Изнутри не доносилось пронзительных криков, никто не бегал и не кричал снаружи.
— Молли! Сюзи! Дрю! — завопил он.
Ответа не было. Он подбежал так близко, что его брови закурчавились, а кожа, казалось, начинает сползать от жара, как горящая бумага, превращаясь в плотные хрустящие завитки.
— Молли! Сюзи!
Тем временем огонь радостно пожирал свою пищу. Дрю раз десять обежал вокруг дома, пытаясь проникнуть внутрь. Потом сел, подставив тело опаляющему жару, и прождал до тех пор, пока с грохотом не рухнули стены, взметнув тучи искр, пока не обвалились последние балки, погребая полы под слоем оплавленной штукатурки и обугленной дранки, пока само пламя не задохнулось наконец в густом дыму. Медленно зачиналось утро нового дня, и ничего не осталось, кроме подёрнутых пеплом углей да едко тлеющих головешек.
Не замечая жара, который шёл от развалин, Дрю ступил на пепелище.
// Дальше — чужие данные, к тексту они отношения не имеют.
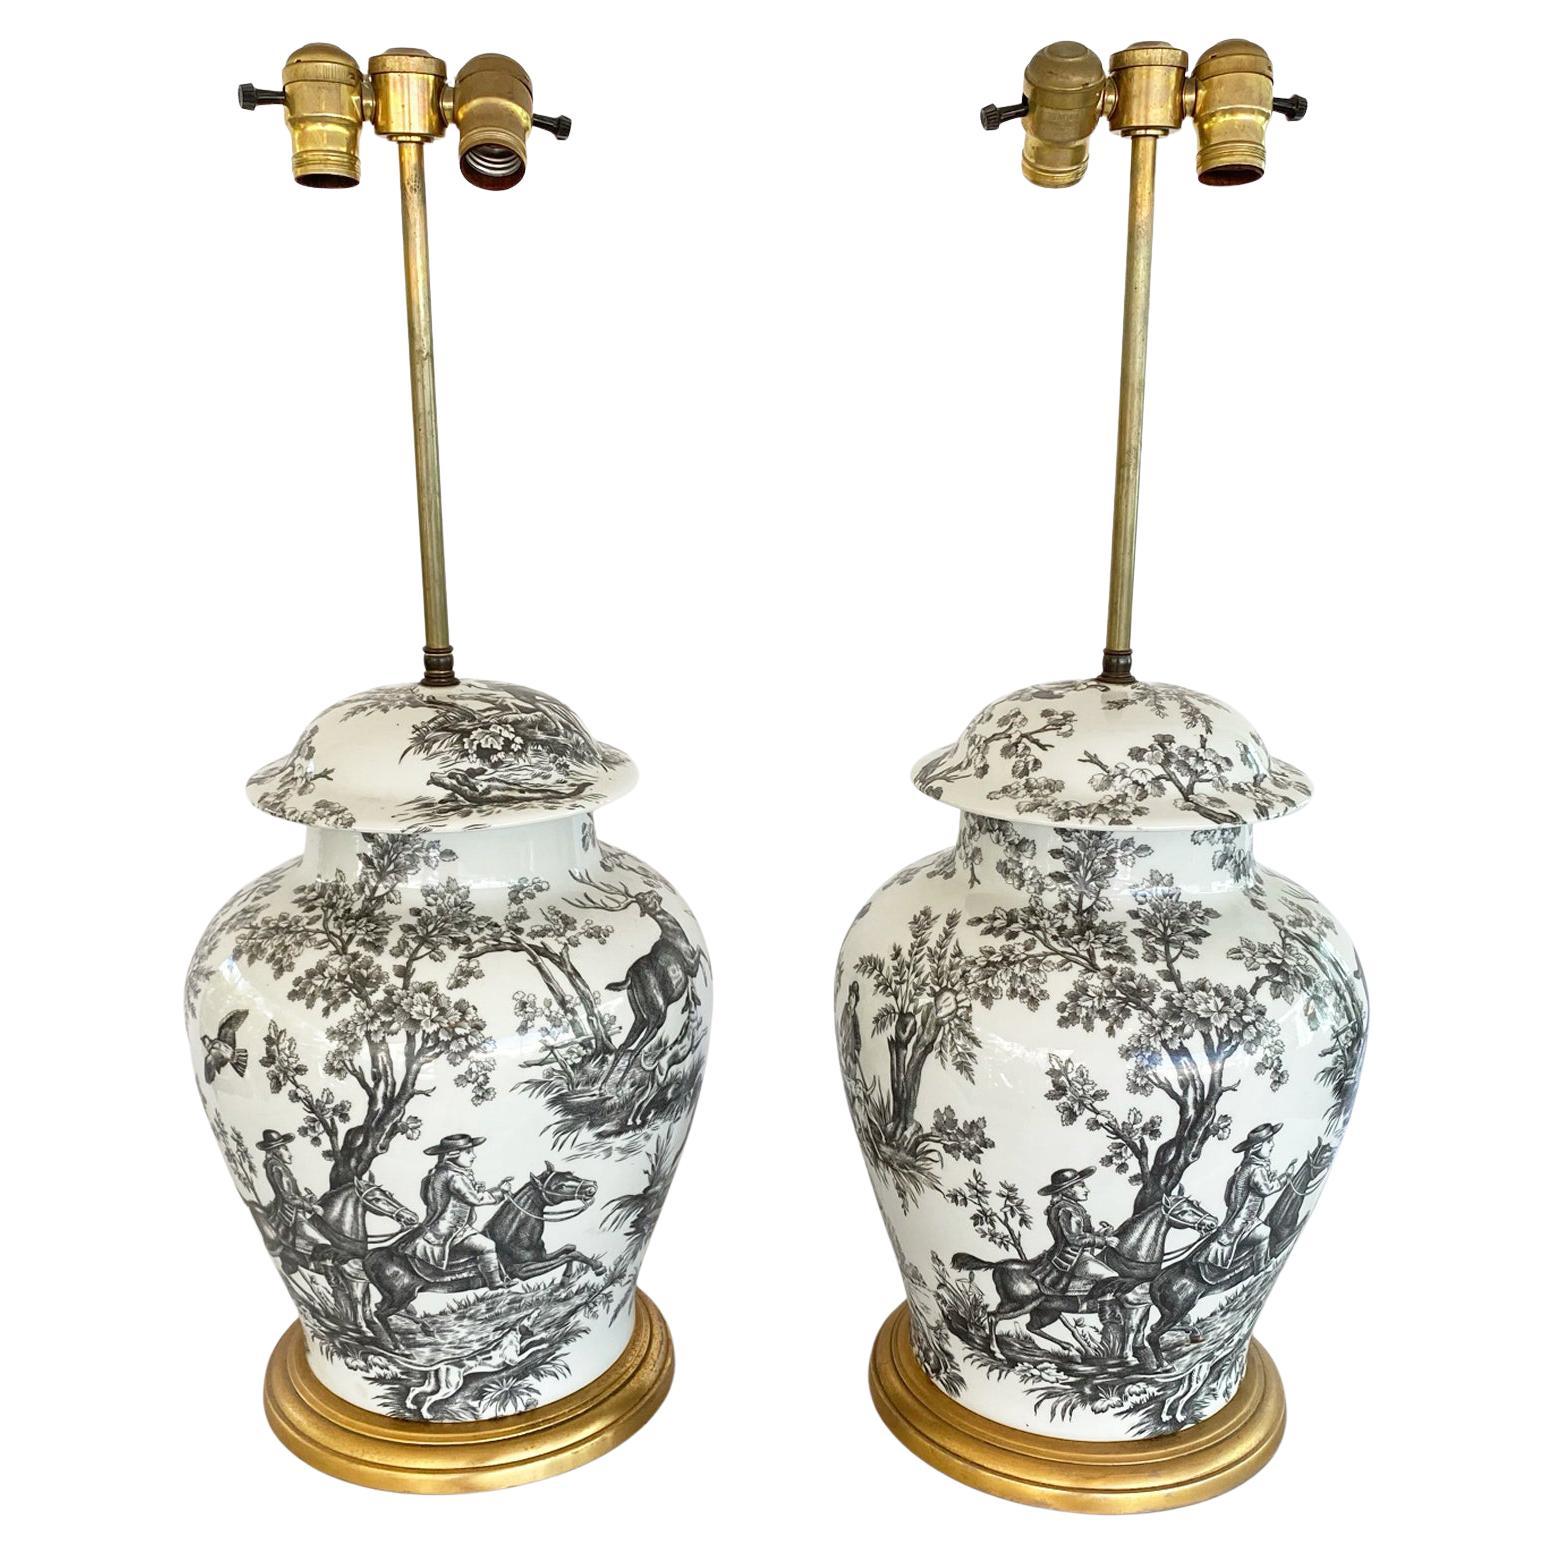 Pair of Toile Ginger Jar Lamps by Porcelaine de Paris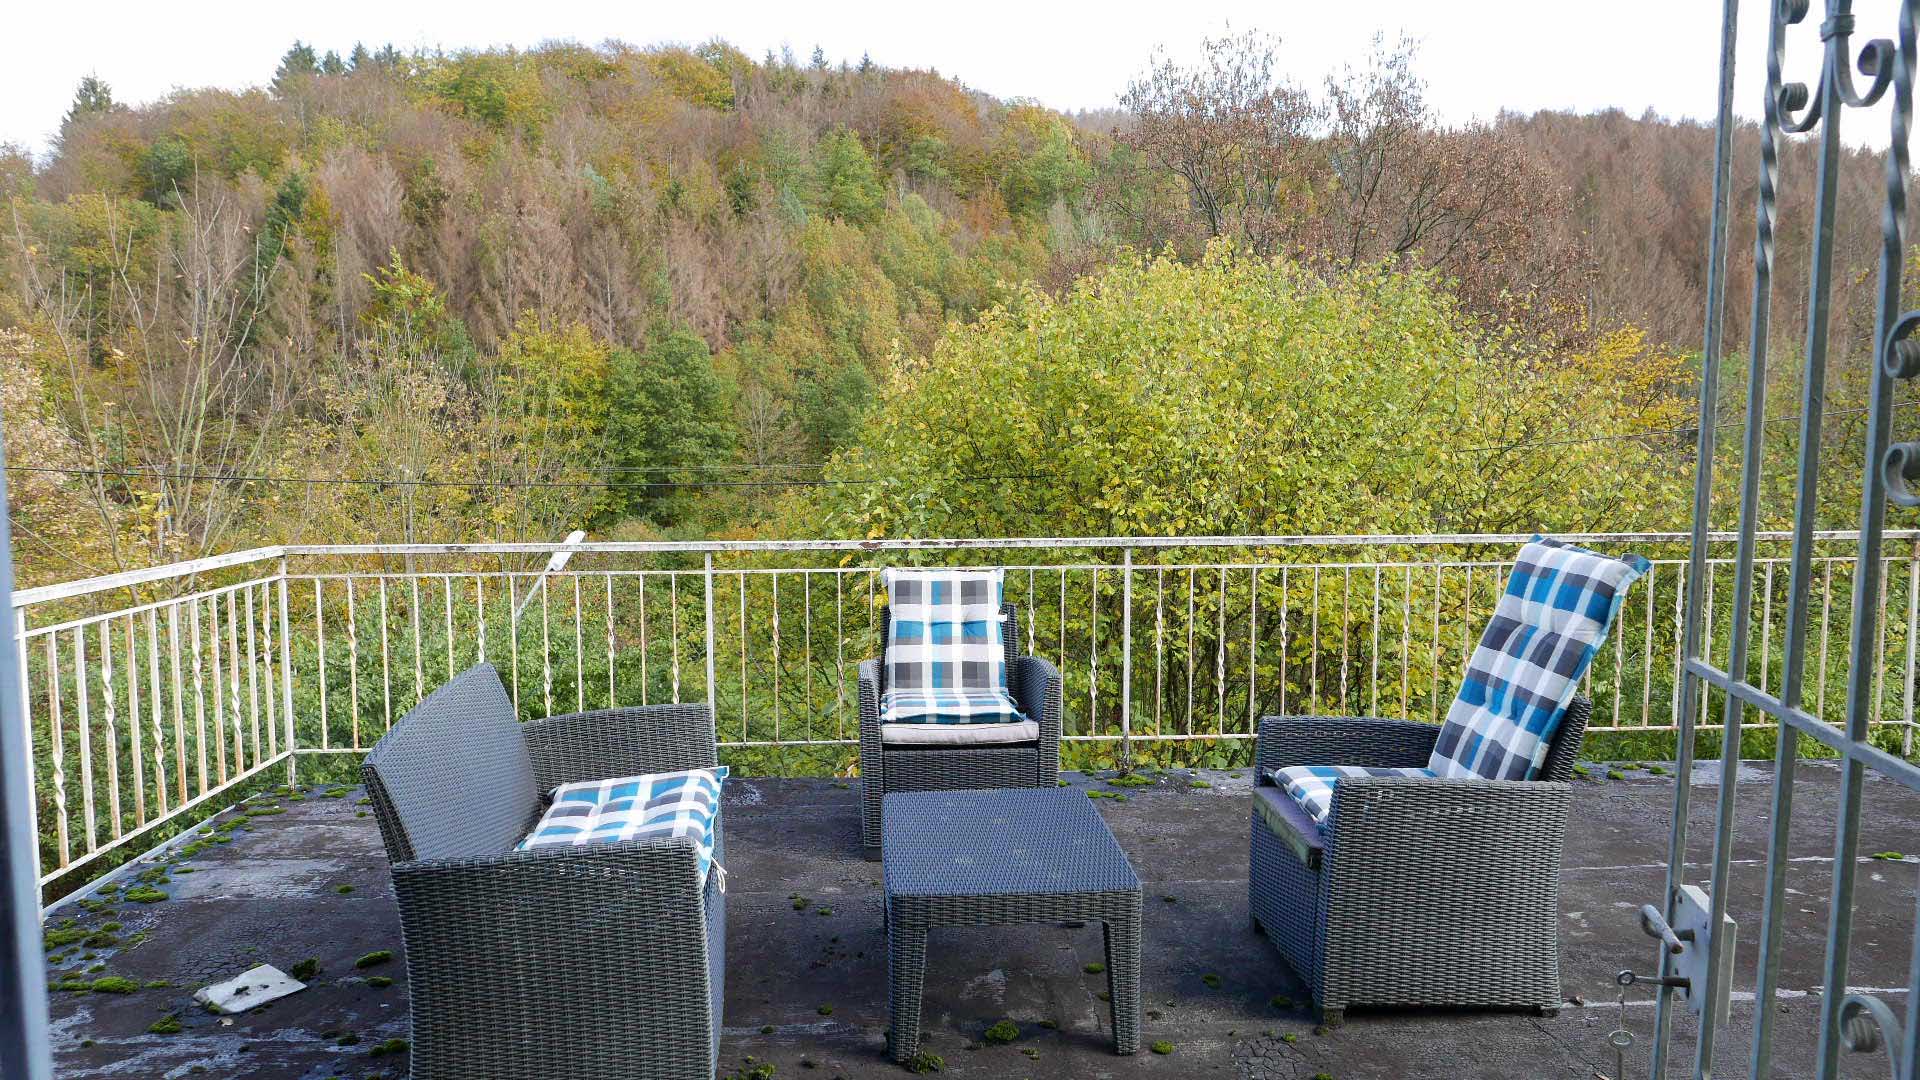 Morsbach-Ellingen: Seltenes Angebot für Naturliebhaber, ...dieser herrlichen, 4,5 x 6,5 m großen Terrasse

Было ещё слишком темно, и он не мог толком разглядеть, что к чему. У горла на потной коже играли красные блики. Он стоял, как чужак, попавший в новую необычную страну. Здесь — кухня. Обуглившиеся столы, стулья, железная печка, шкафы. Здесь — прихожая. Здесь — гостиная, а вот здесь была их спальня, где…
Где всё ещё была жива Молли!
Она спала среди рухнувших балок и докрасна раскалённых матрасных пружин и железных прутьев.
Она спала как ни в чём не бывало. Маленькие белые руки, вытянутые вдоль тела, усыпаны искрами. Лицо дышало безмятежностью сна, хотя на одной из щёк тлела планка.
Дрю застыл, не веря собственным глазам. Посреди дымящихся остатков спальни она лежала на мерцающей постели из углей — на коже ни царапинки, грудь опускается и подымается, вбирая воздух.
— Молли!
Жива и спит после пожара, после того, как обвалились стены, как на неё обрушился потолок и всё кругом было объято пламенем.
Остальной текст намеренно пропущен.